The Obamacare has seen the expansion of the Medicaid which has been integral in seeing may uninsured Americans become insured. Medicaid being a brainchild of the federally and state funded health care program has effectively been transformed. Through the Obamacare, the Medicaid has managed to tap its full potential by effectively expanding its cover to uninsured adults with incomes below 138% of the set federal poverty levels. The Medicaid if fully supported as postulated by the Obamacare will see to it an average of 15 million uninsured individuals fall within its coverage (Atlas 46). The states opting out of the Medicaid are as a result of poor fiscal decisions which will ultimately be reversed with time.

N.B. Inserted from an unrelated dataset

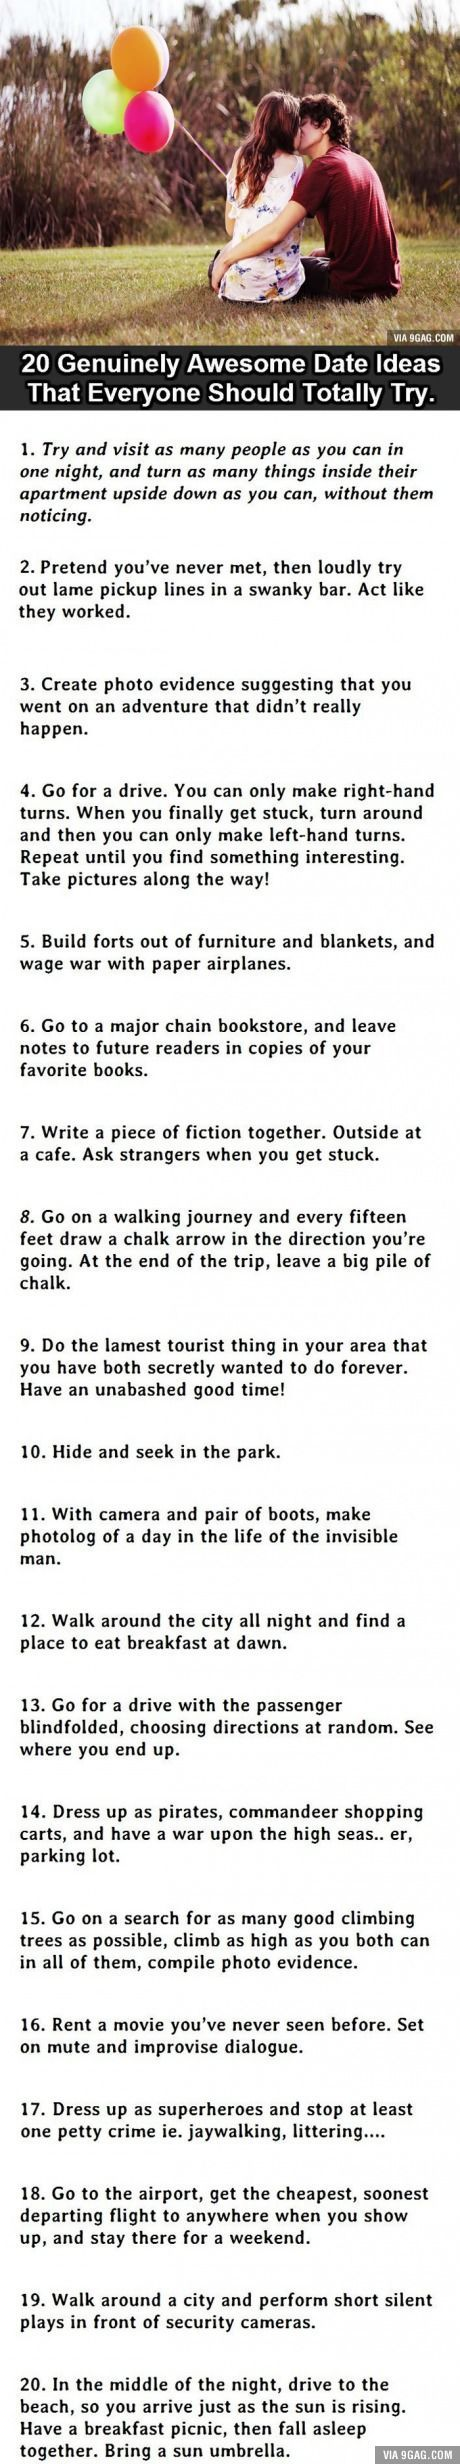 652 best Outdoor Date Ideas images on Pinterest   Romantic ideas, My ...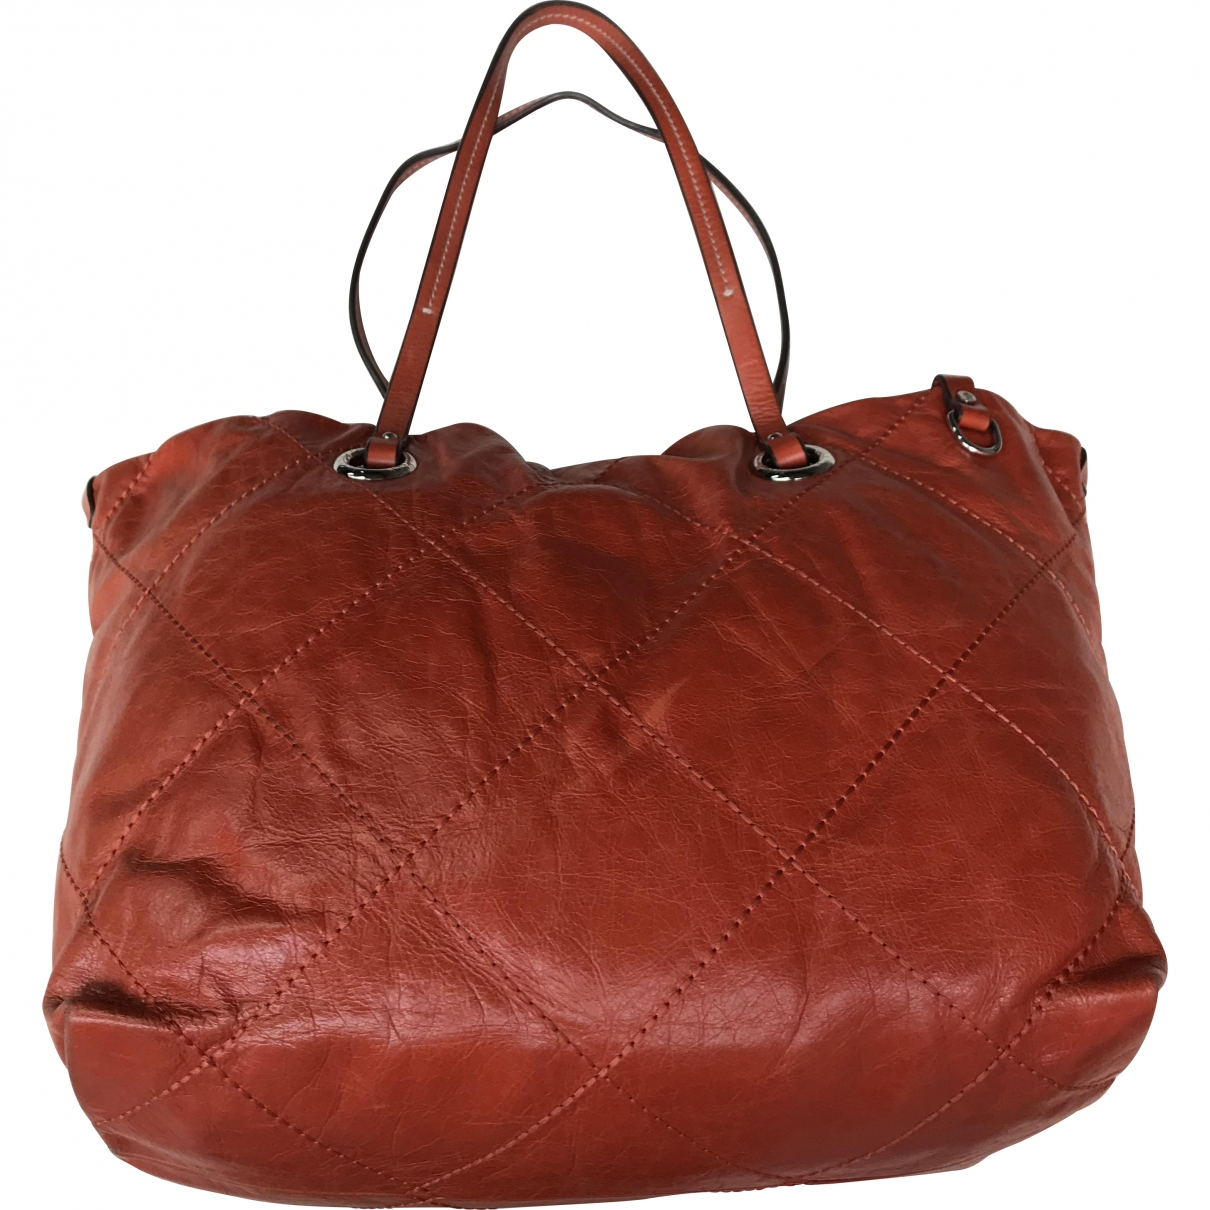 Moncler \N Orange Leather handbag for Women \N

The Obamacare has managed to incorporate the children into the insurance by ensuring that they are covered till they reach 26 years (Pipes 66). The Obamacare understands that many youthful individuals form the greatest number of disproportionate populace that happens to be uninsured. By making the children and cumulatively the youth as key cogs of the health plan, the Obamacare will translate to future healthy generations. Through universal healthcare, the child mortality rates will drop as well as the appreciation of the value of health insurance. This will ultimately lead to a fruitful generation that is cognizant to the fact that health is a fundamental right both on paper and reality as enshrined in the constitution.
The last argument in support of the Obamacare is centered on the plans focus on preventive care. Cannon (41) notes that the plan covers different aspects of preventive care at a zero cost. Screenings for various ailments such as Diabetes, certain cancers and blood pressure are provided for free. For the female populace, womanly visits that are carried out annually including lab work and gynecological screenings are fully covered by the Obama care. As for child care, the plan covers immunization, behavioral screenings, autism and obesity screening as well as counseling as a preventive measure.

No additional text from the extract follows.